A filha definia o escritor seu pai como um homem frugal, contrapondo a imagem do lustroso e amigo poeta António Feijó, de Ponte de Lima, referindo-se a este como "o temível Feijó" pela sua grande apetência gastronómica.
Esta iniciativa do Orfeão, uma autêntica tertúlia cultural em diálogo com a assistência, foi muito apreciada e aplaudida pelos comensais que se deliciaram com a ementa gastronómica que lhes foi apresentada, terminando com um quente e saboroso "café de saco" tão típico do tempo em que viveu o escritor.
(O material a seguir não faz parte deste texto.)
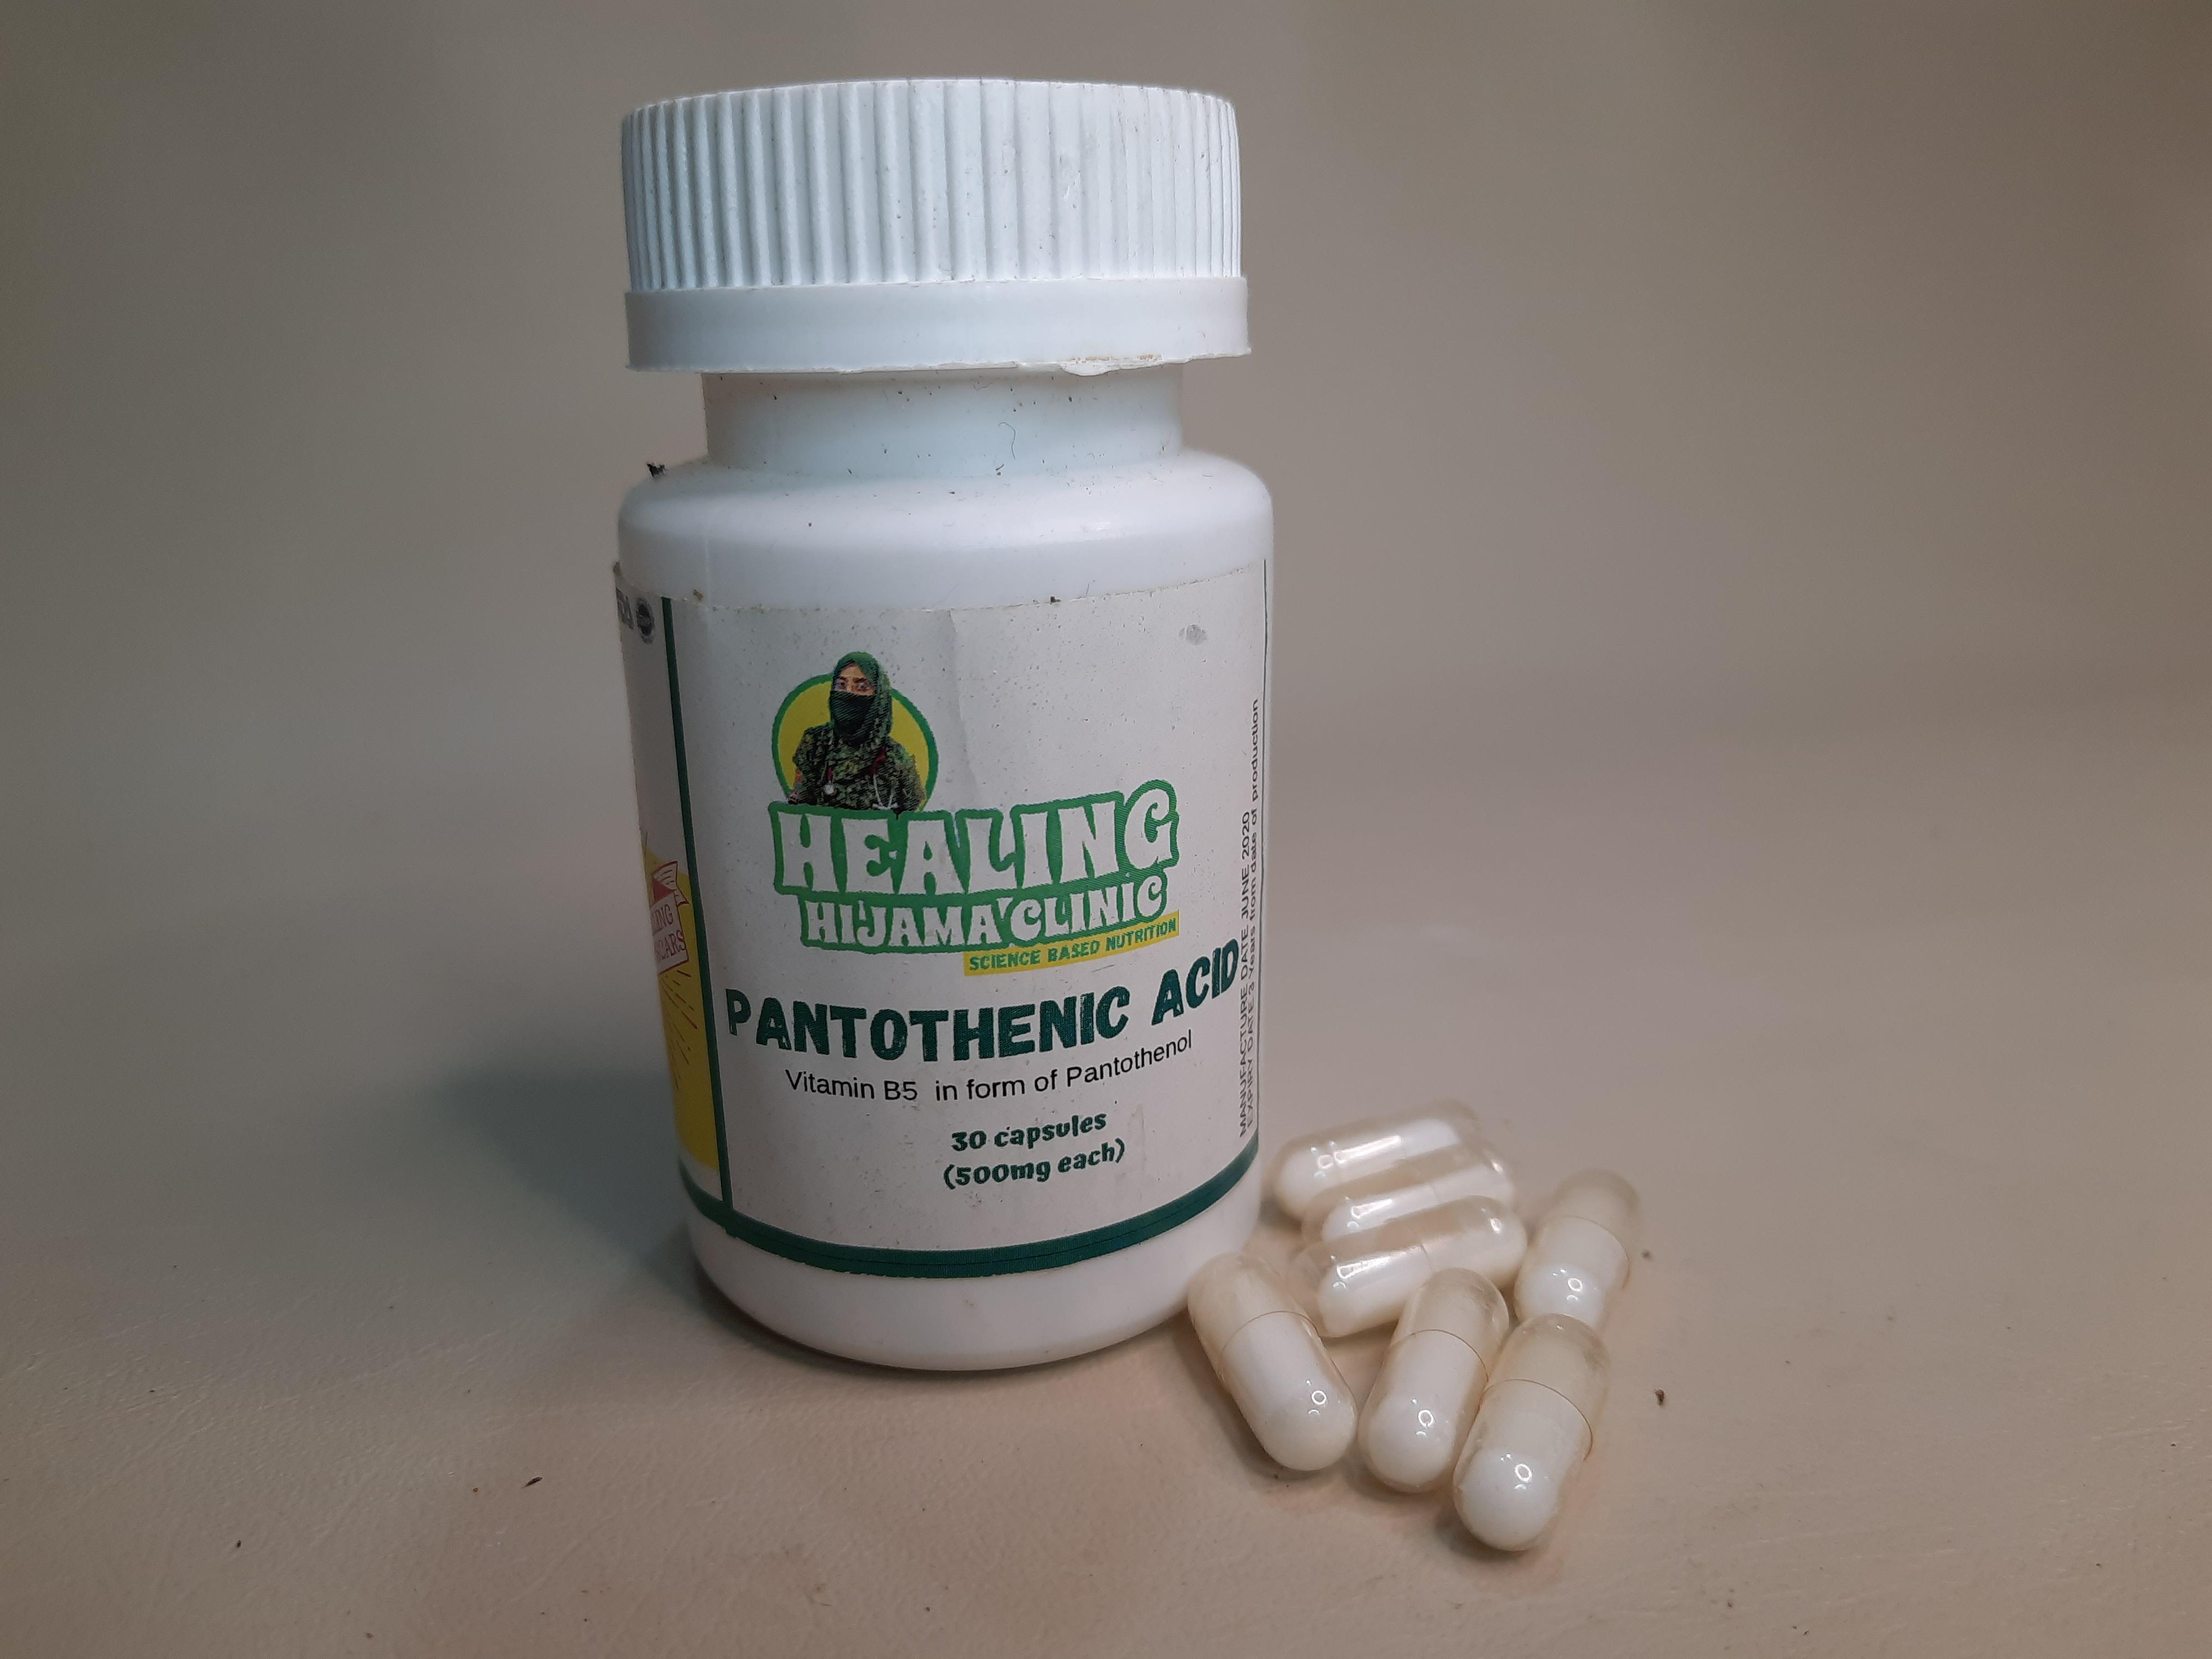 PANTOTHENIC ACID (VITAMIN B5)
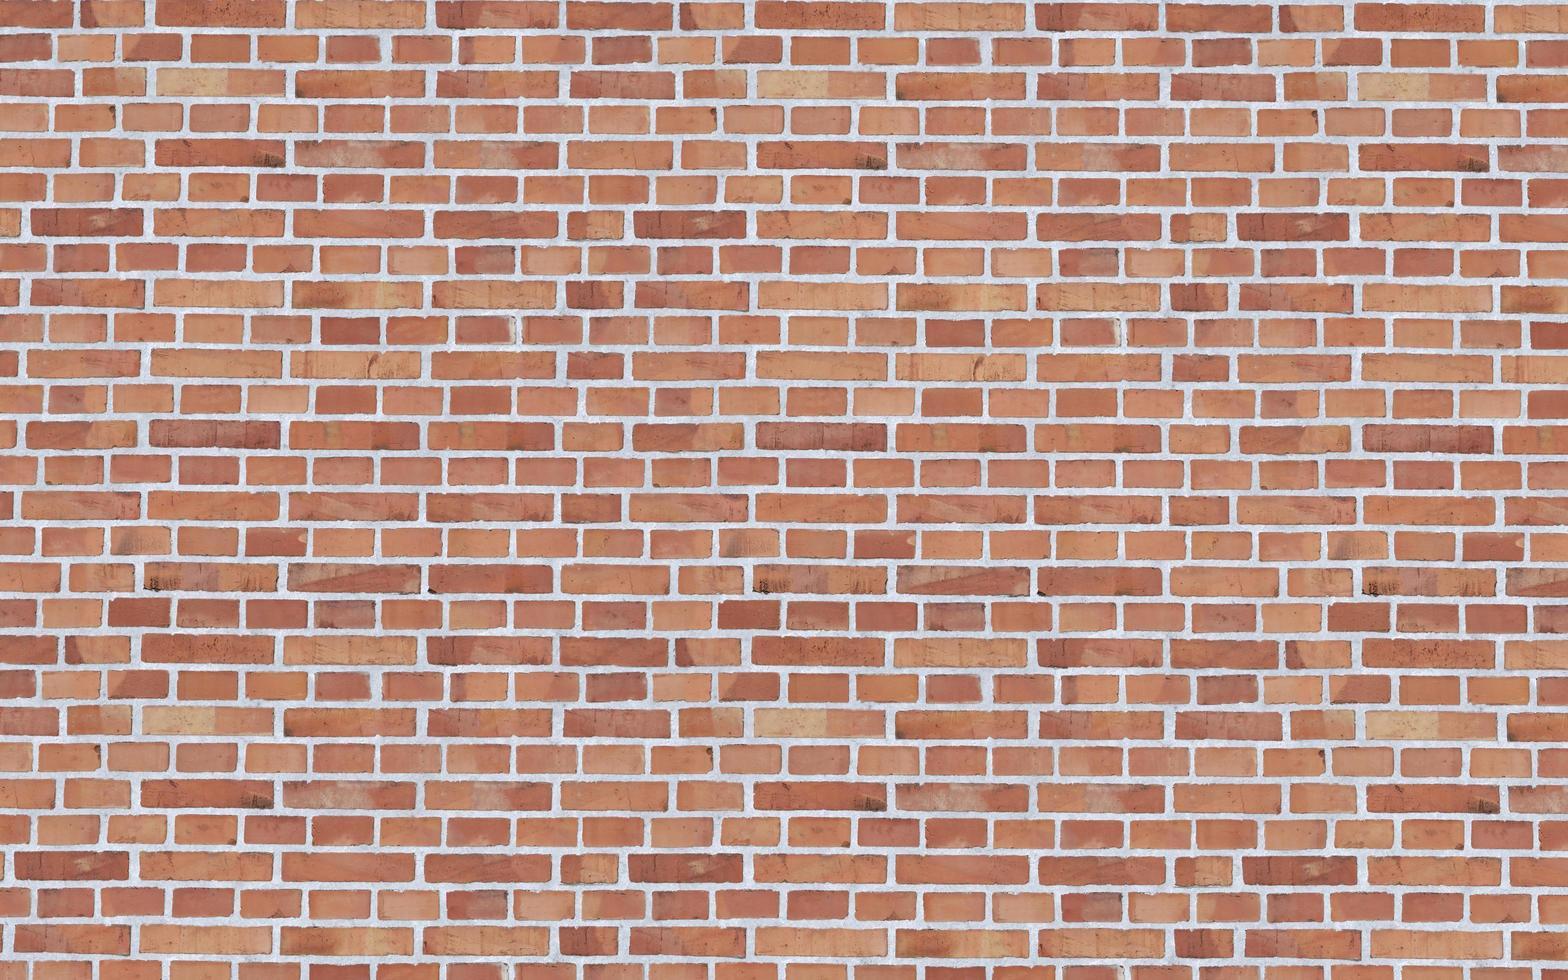 Redbrick wall masonry photo

Maria José Areal agradeceu no final o simpático convite do Orfeão e fê-lo de uma forma singular, parafraseando o estilo do próprio Eça de Queiroz, o que foi muito apreciado e aplaudido, num escrito que se destaca em separado.
"O êxito desta iniciativa do Orfeão é o garante da sua continuidade no futuro", como foi realçado por Francisco Presa, com o agrado manifesto de todos os presentes.